• **WHAT THIS TASK INVOLVES**: Using the data that follows, give again word for word the lines between the one holding "TRAVISMATHEW, Tepic Shorts, Alternate" and the one holding "Alfa Romeo Gloria, nuove immagini dal web", inclusive. Omit the pictures.

• **INPUT DATA**:
--------------------

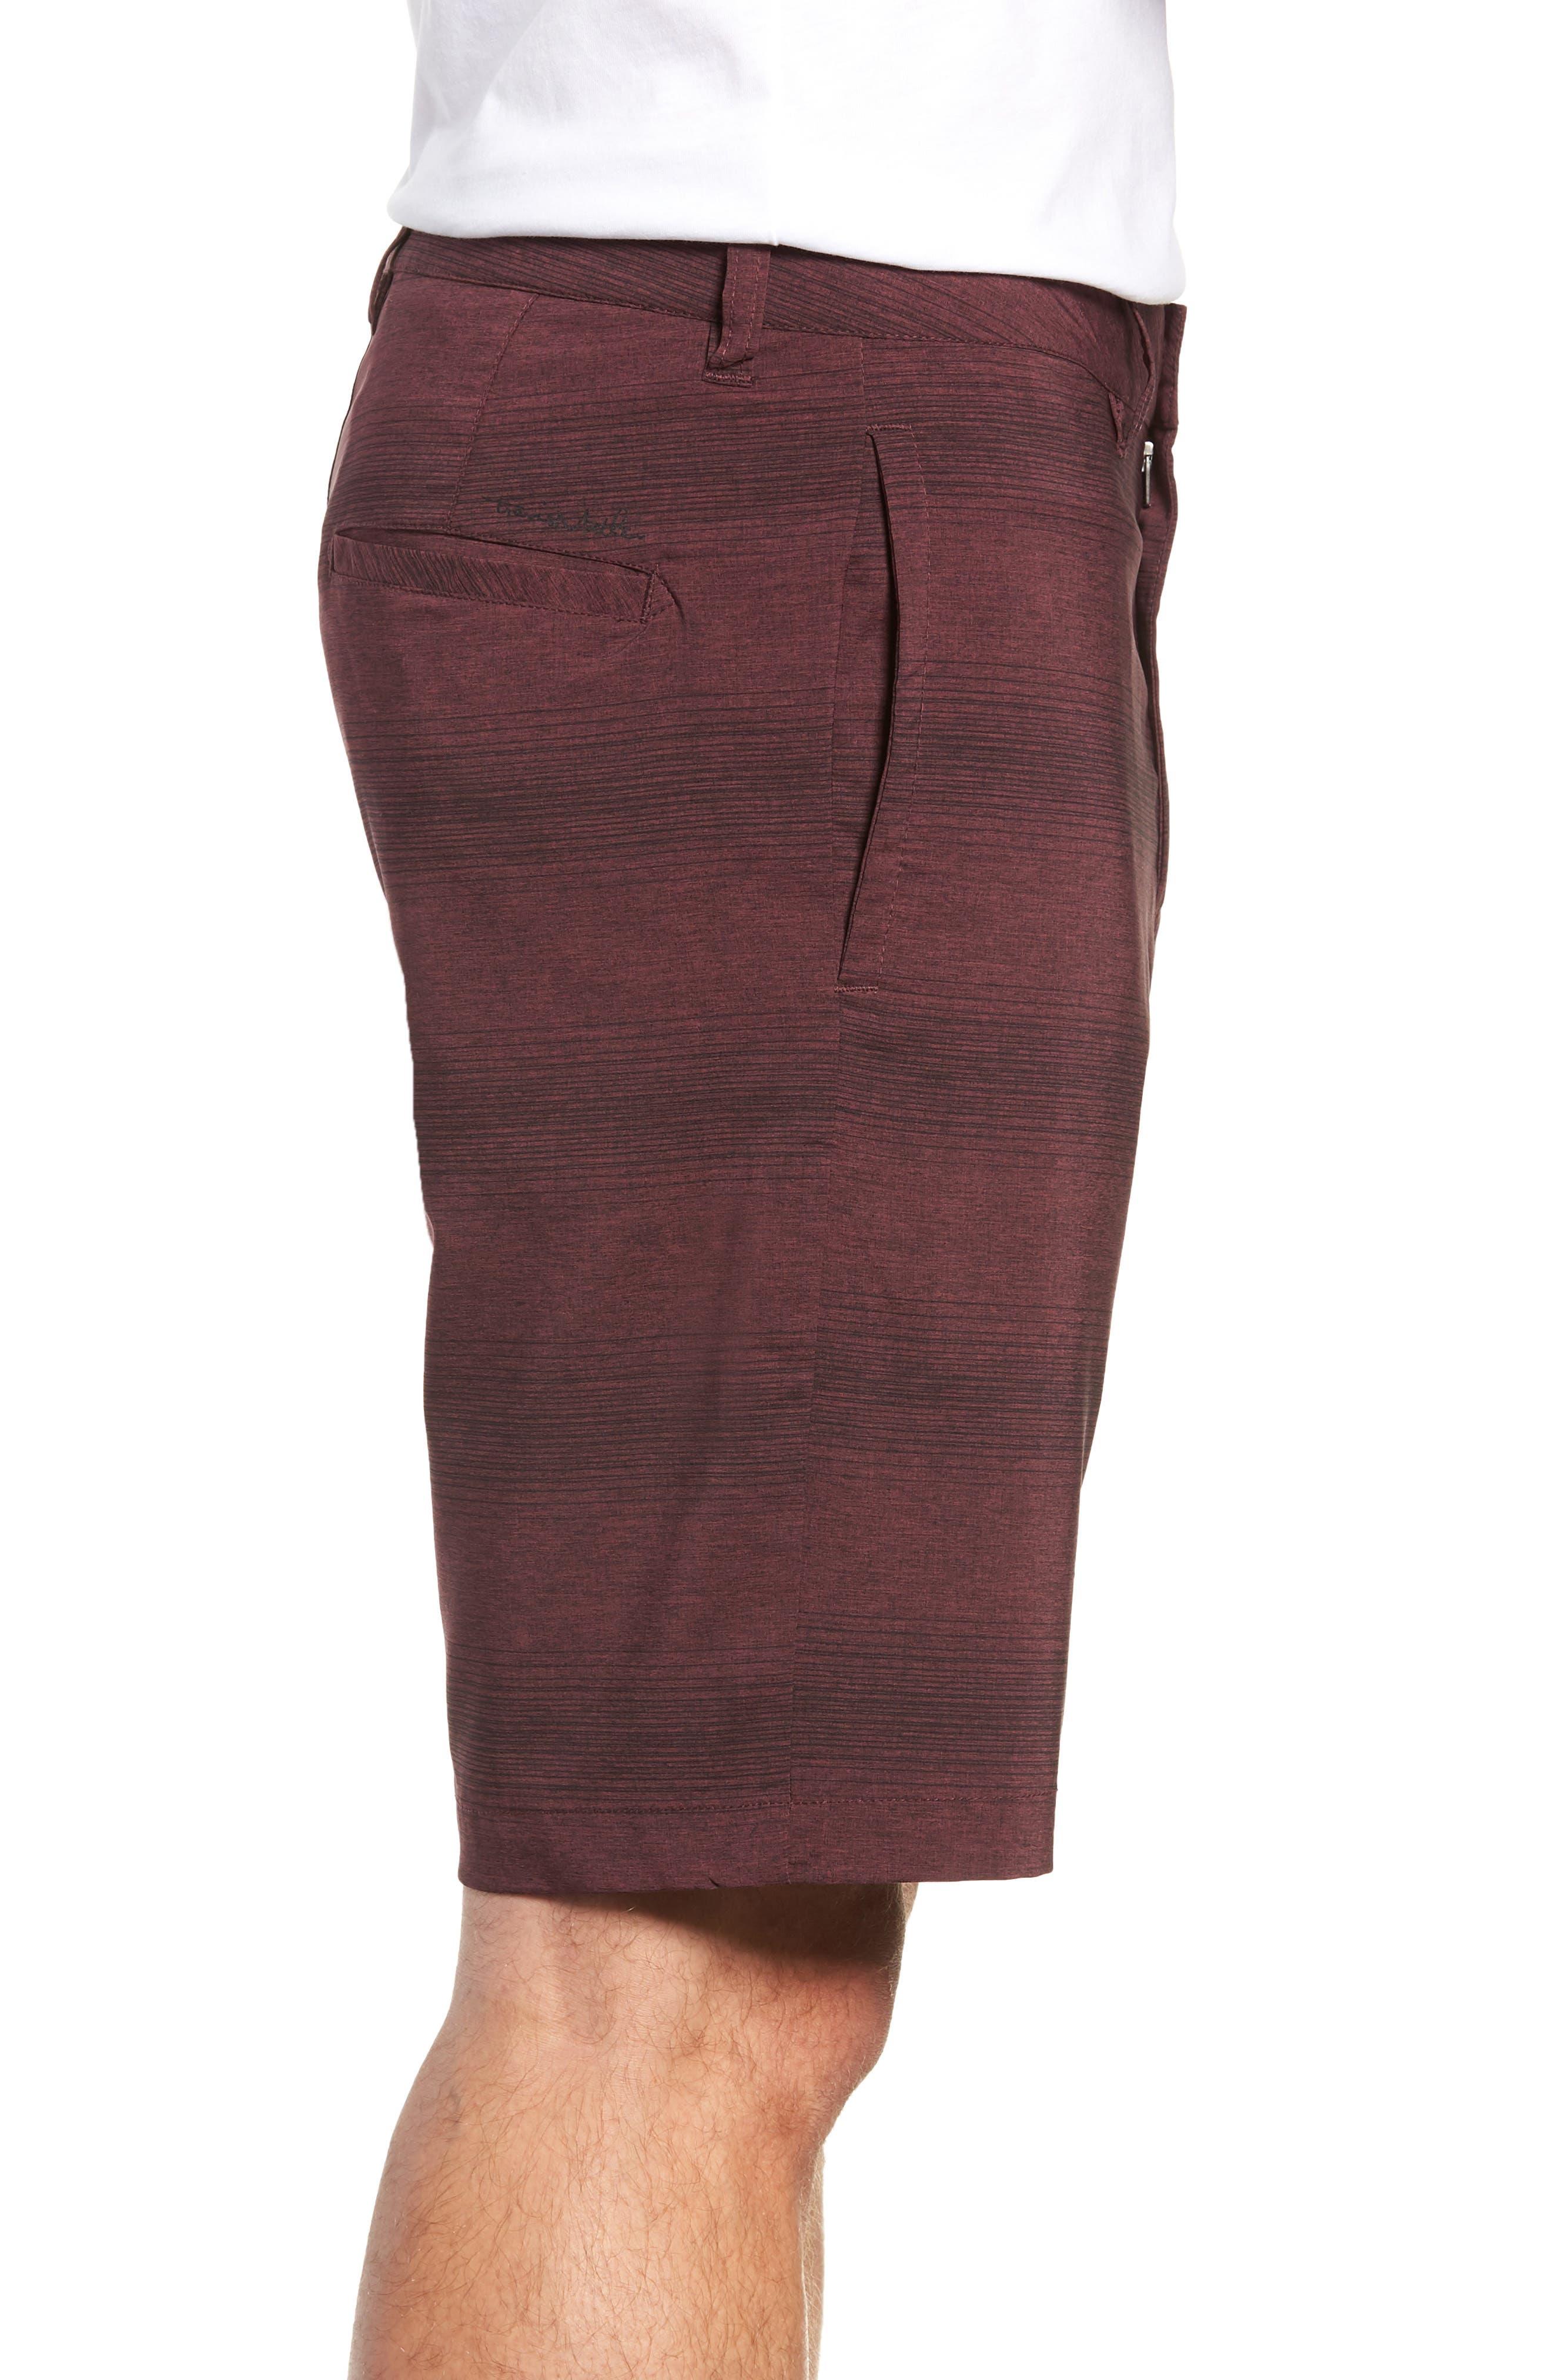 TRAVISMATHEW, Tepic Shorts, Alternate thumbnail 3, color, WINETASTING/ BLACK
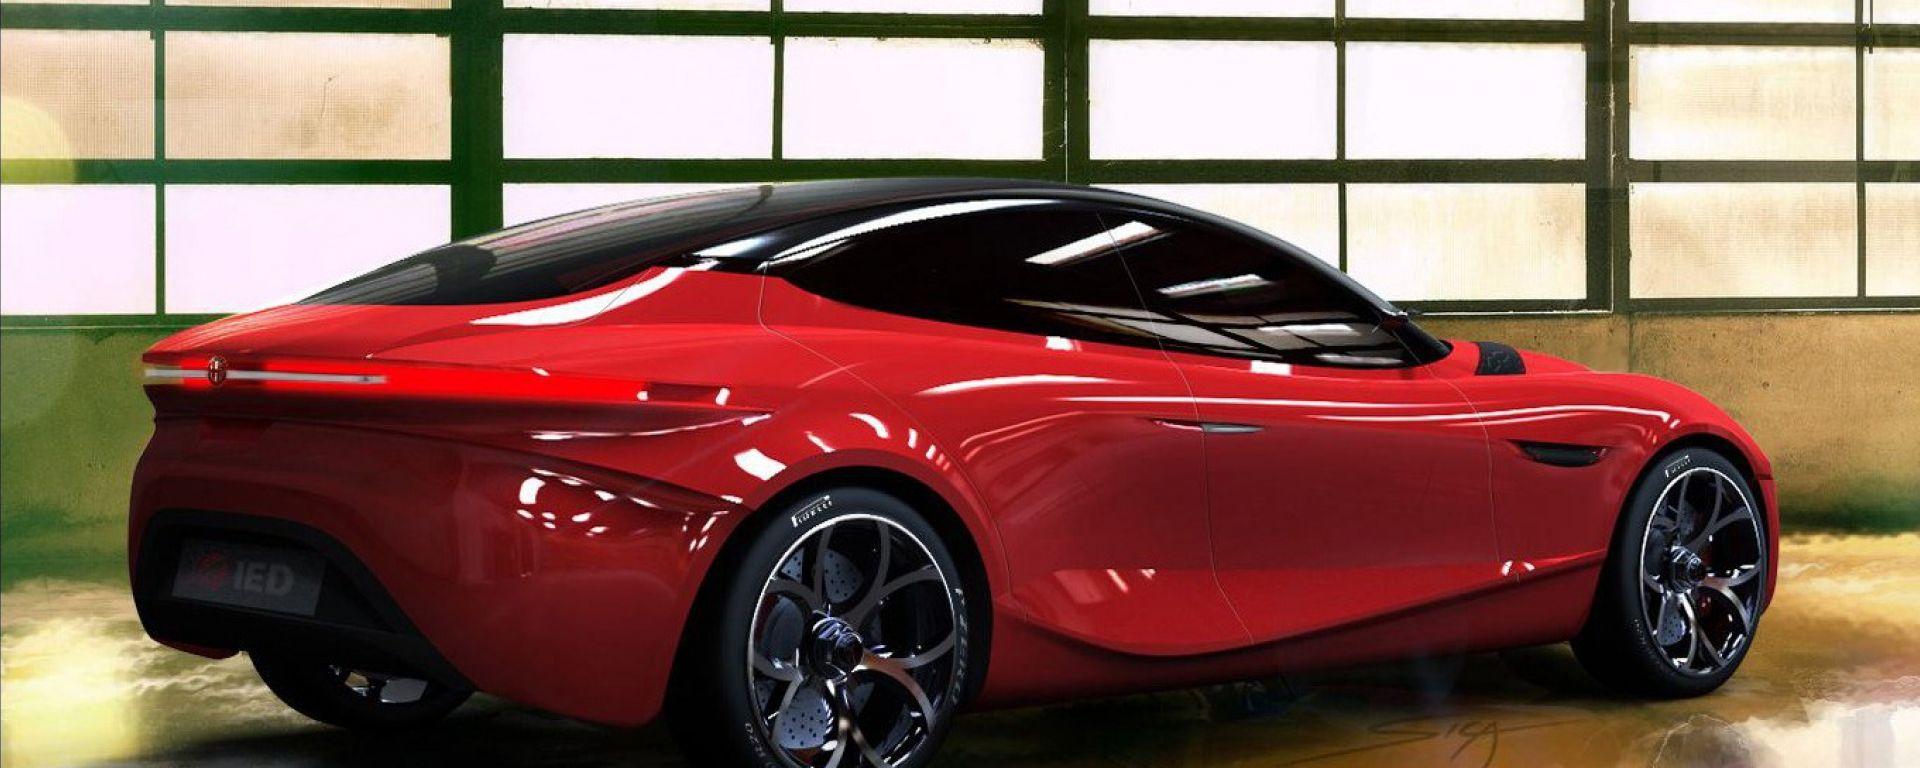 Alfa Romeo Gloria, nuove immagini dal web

--------------------

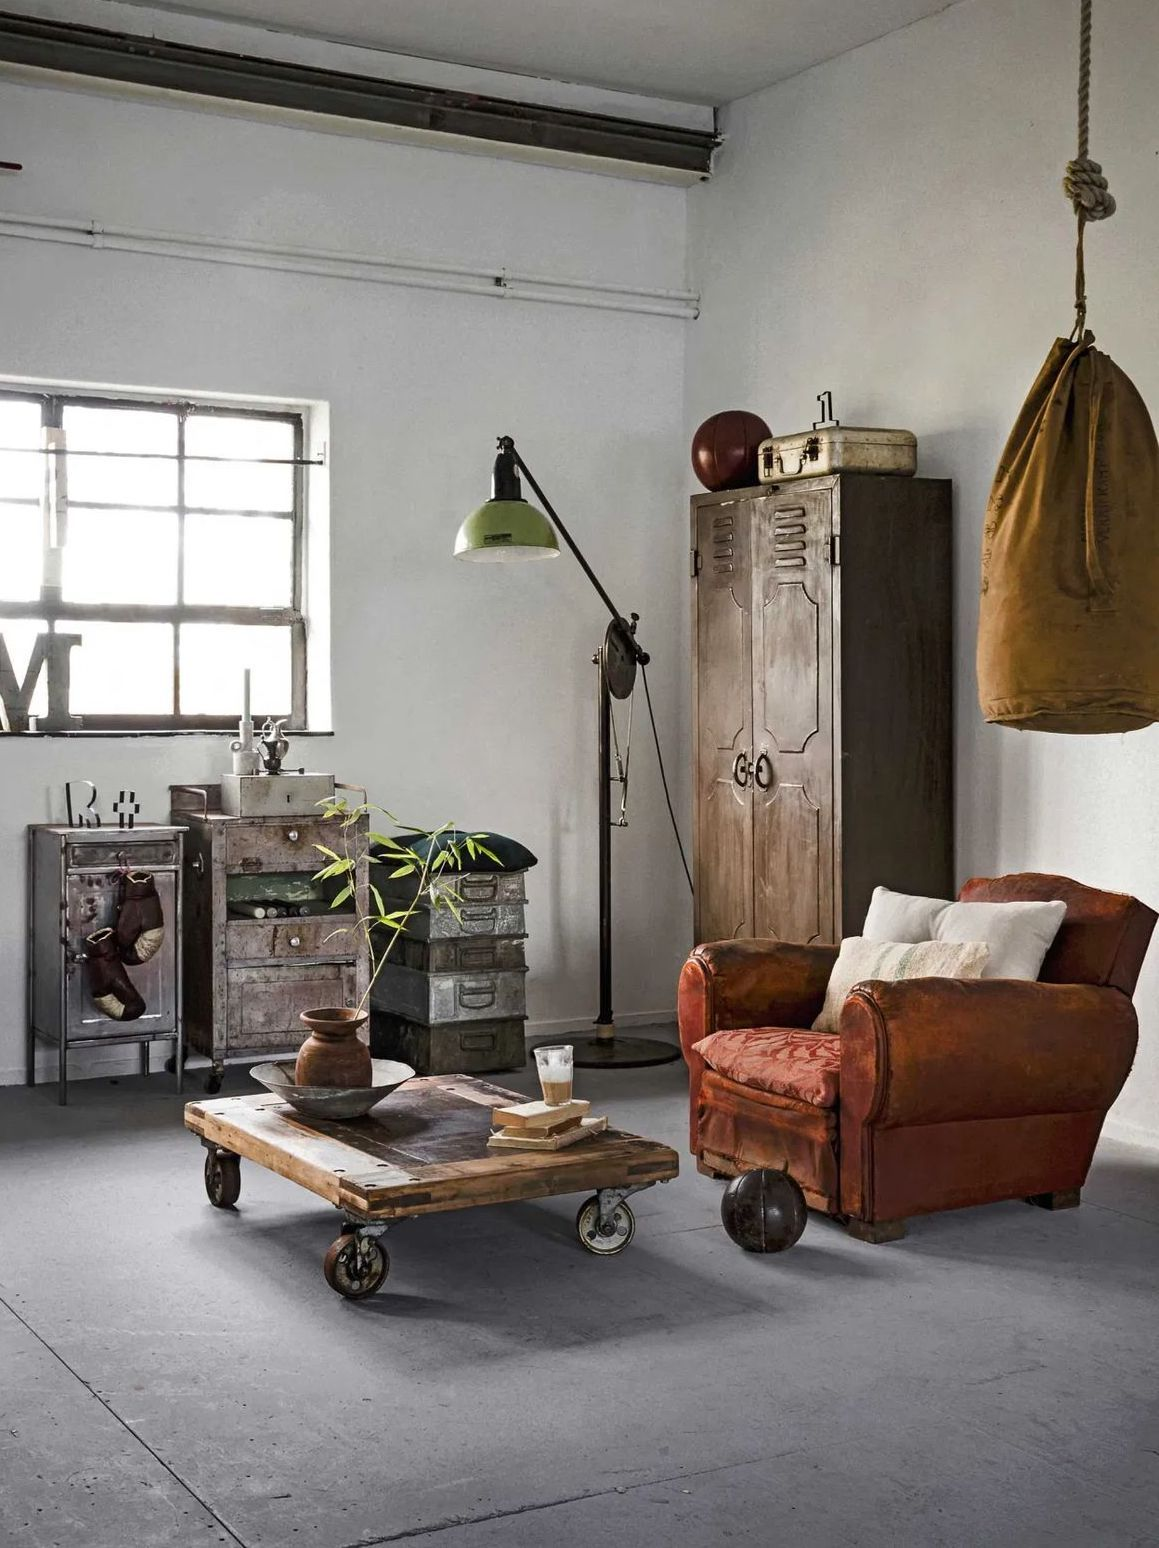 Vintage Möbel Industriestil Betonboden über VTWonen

--------------------

• **ANSWER SECTION**:
 TRAVISMATHEW, Tepic Shorts, Alternate thumbnail 3, color, WINETASTING/ BLACK
 Alfa Romeo Gloria, nuove immagini dal web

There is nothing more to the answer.